◆ **Problem to solve**
Under this line is some data; print exactly the lines from the one containing "Research through Inclusive Opportunities" through its last line, without pictures.

◆ **Provided data**

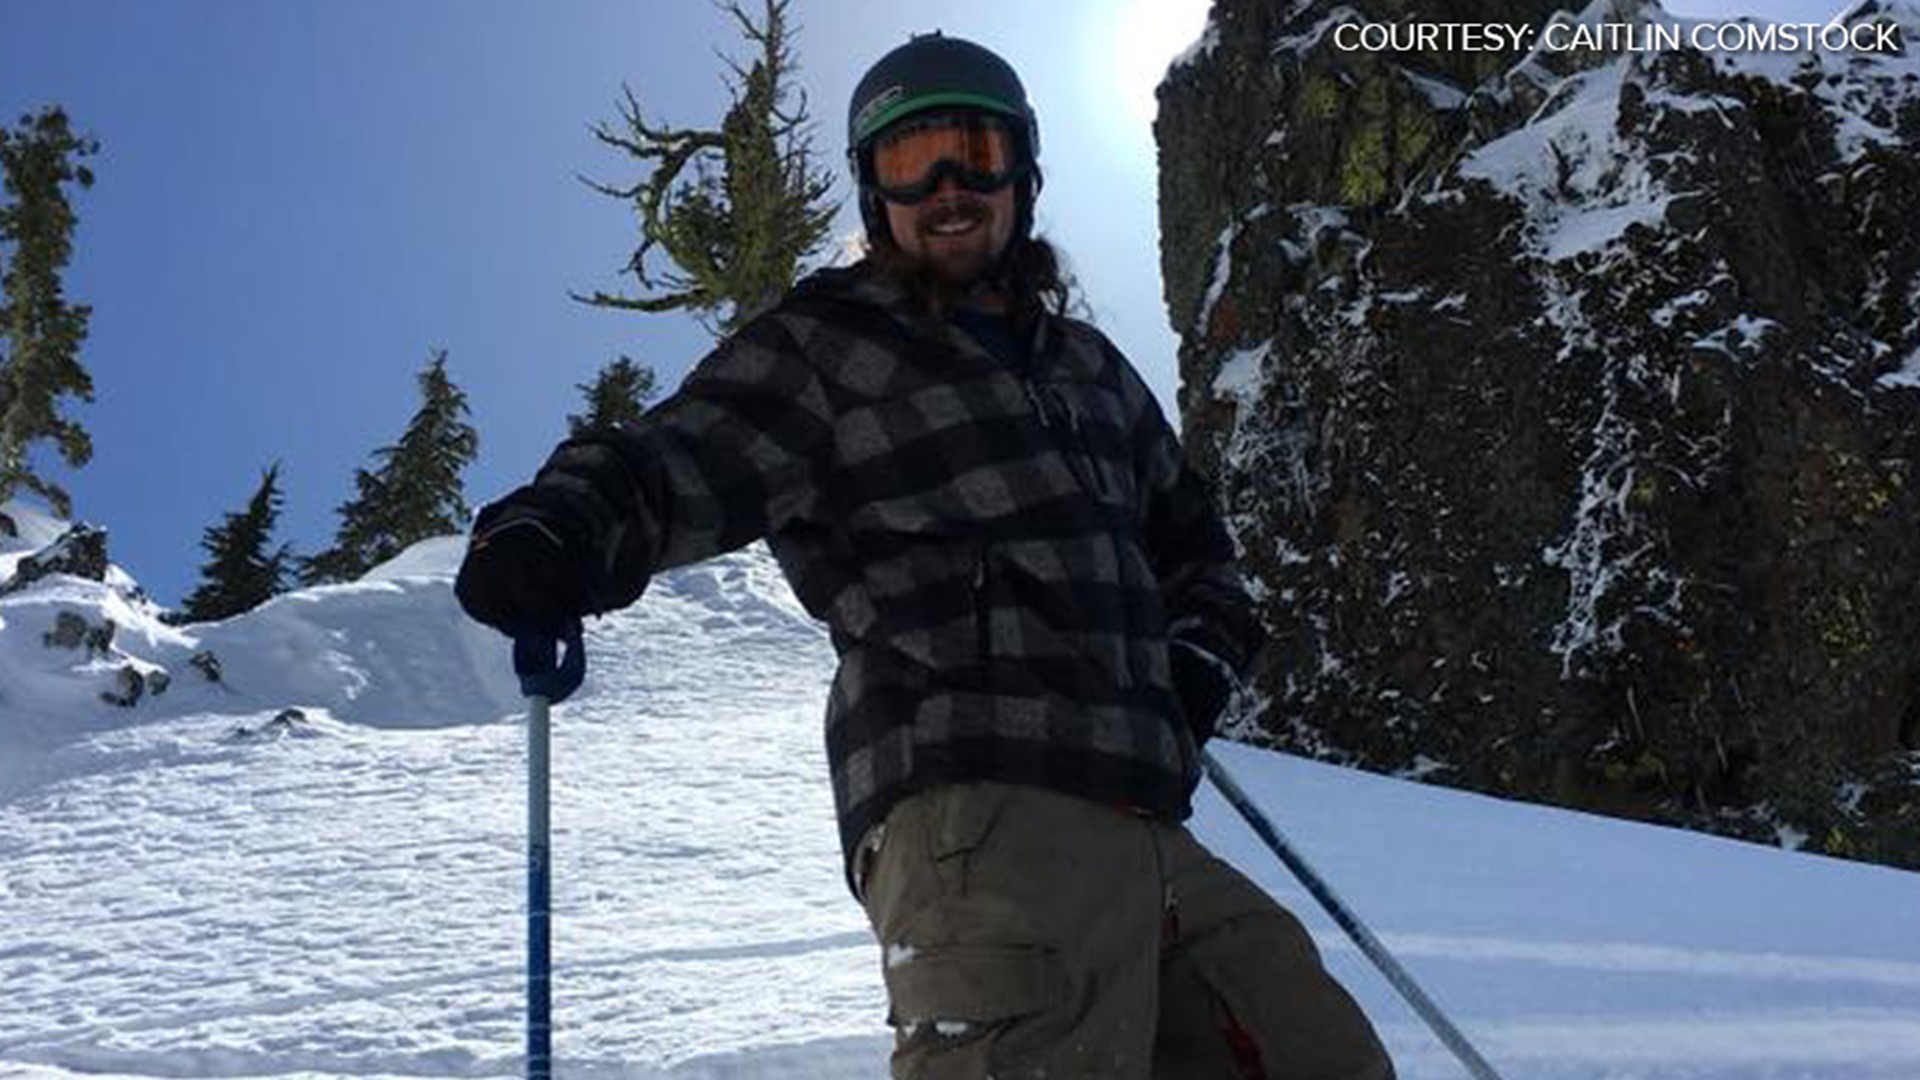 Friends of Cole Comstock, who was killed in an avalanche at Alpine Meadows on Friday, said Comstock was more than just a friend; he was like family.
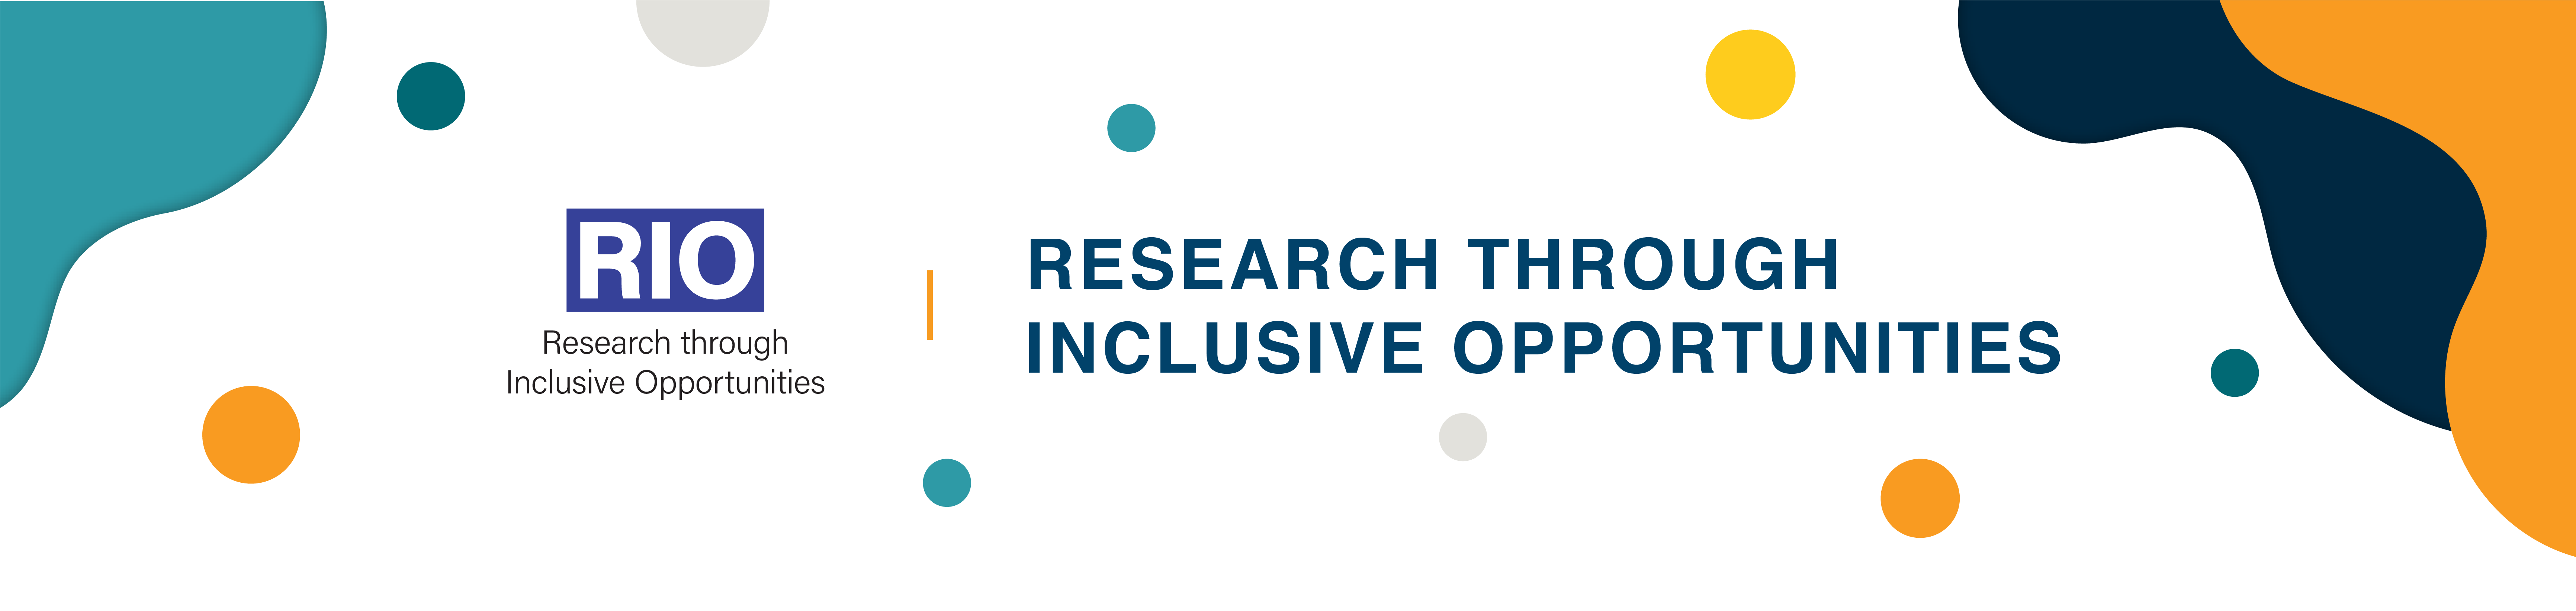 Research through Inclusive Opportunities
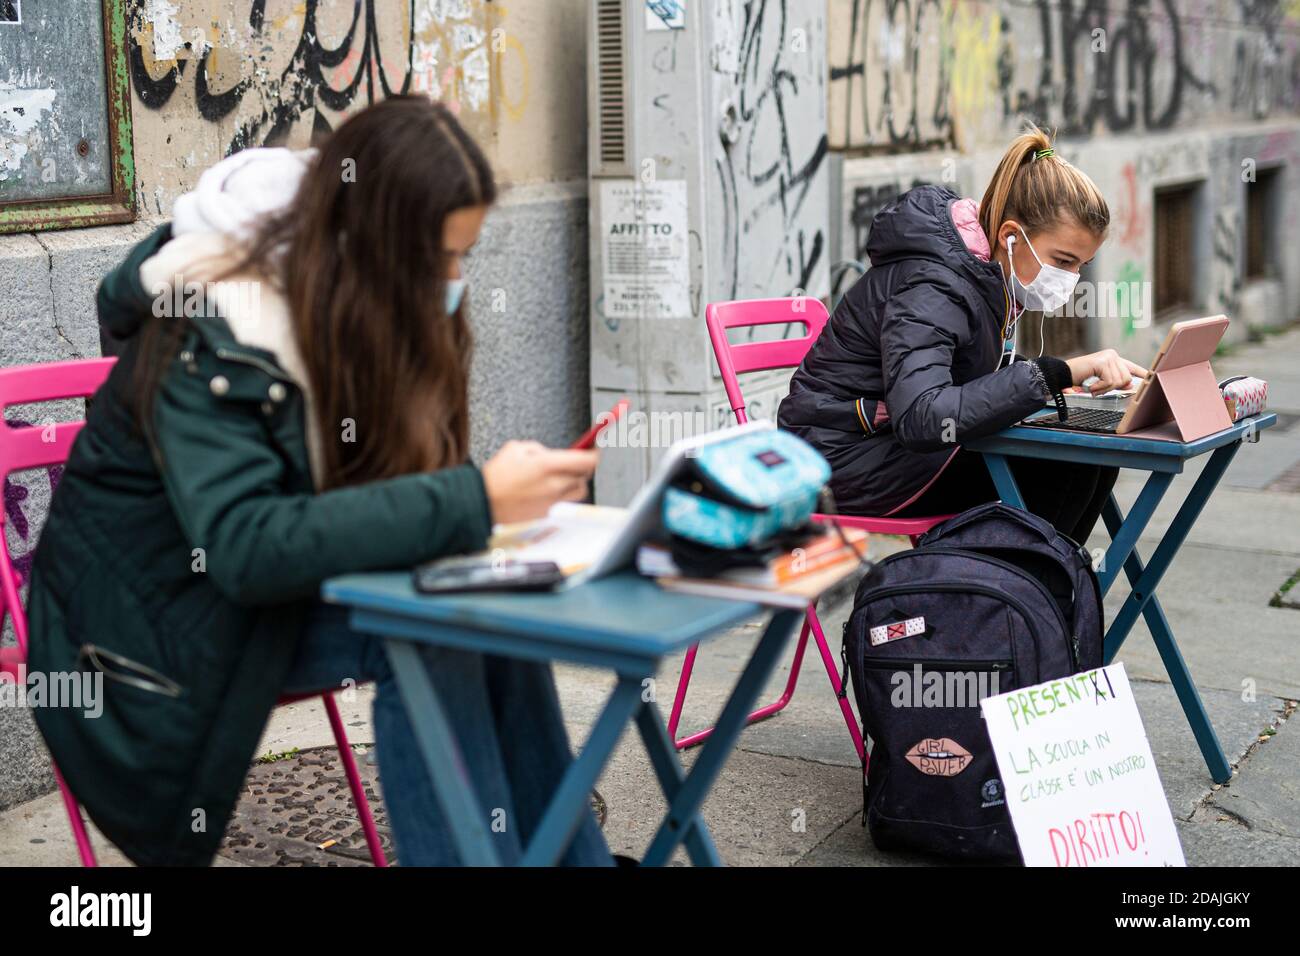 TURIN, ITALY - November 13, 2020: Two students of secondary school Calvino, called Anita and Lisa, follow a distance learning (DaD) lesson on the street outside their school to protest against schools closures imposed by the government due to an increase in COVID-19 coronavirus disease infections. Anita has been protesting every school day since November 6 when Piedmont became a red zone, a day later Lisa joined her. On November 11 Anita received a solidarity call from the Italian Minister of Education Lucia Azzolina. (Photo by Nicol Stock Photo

◆ **Answer to the exercise**
 Research through Inclusive Opportunities
 TURIN, ITALY - November 13, 2020: Two students of secondary school Calvino, called Anita and Lisa, follow a distance learning (DaD) lesson on the street outside their school to protest against schools closures imposed by the government due to an increase in COVID-19 coronavirus disease infections. Anita has been protesting every school day since November 6 when Piedmont became a red zone, a day later Lisa joined her. On November 11 Anita received a solidarity call from the Italian Minister of Education Lucia Azzolina. (Photo by Nicol Stock Photo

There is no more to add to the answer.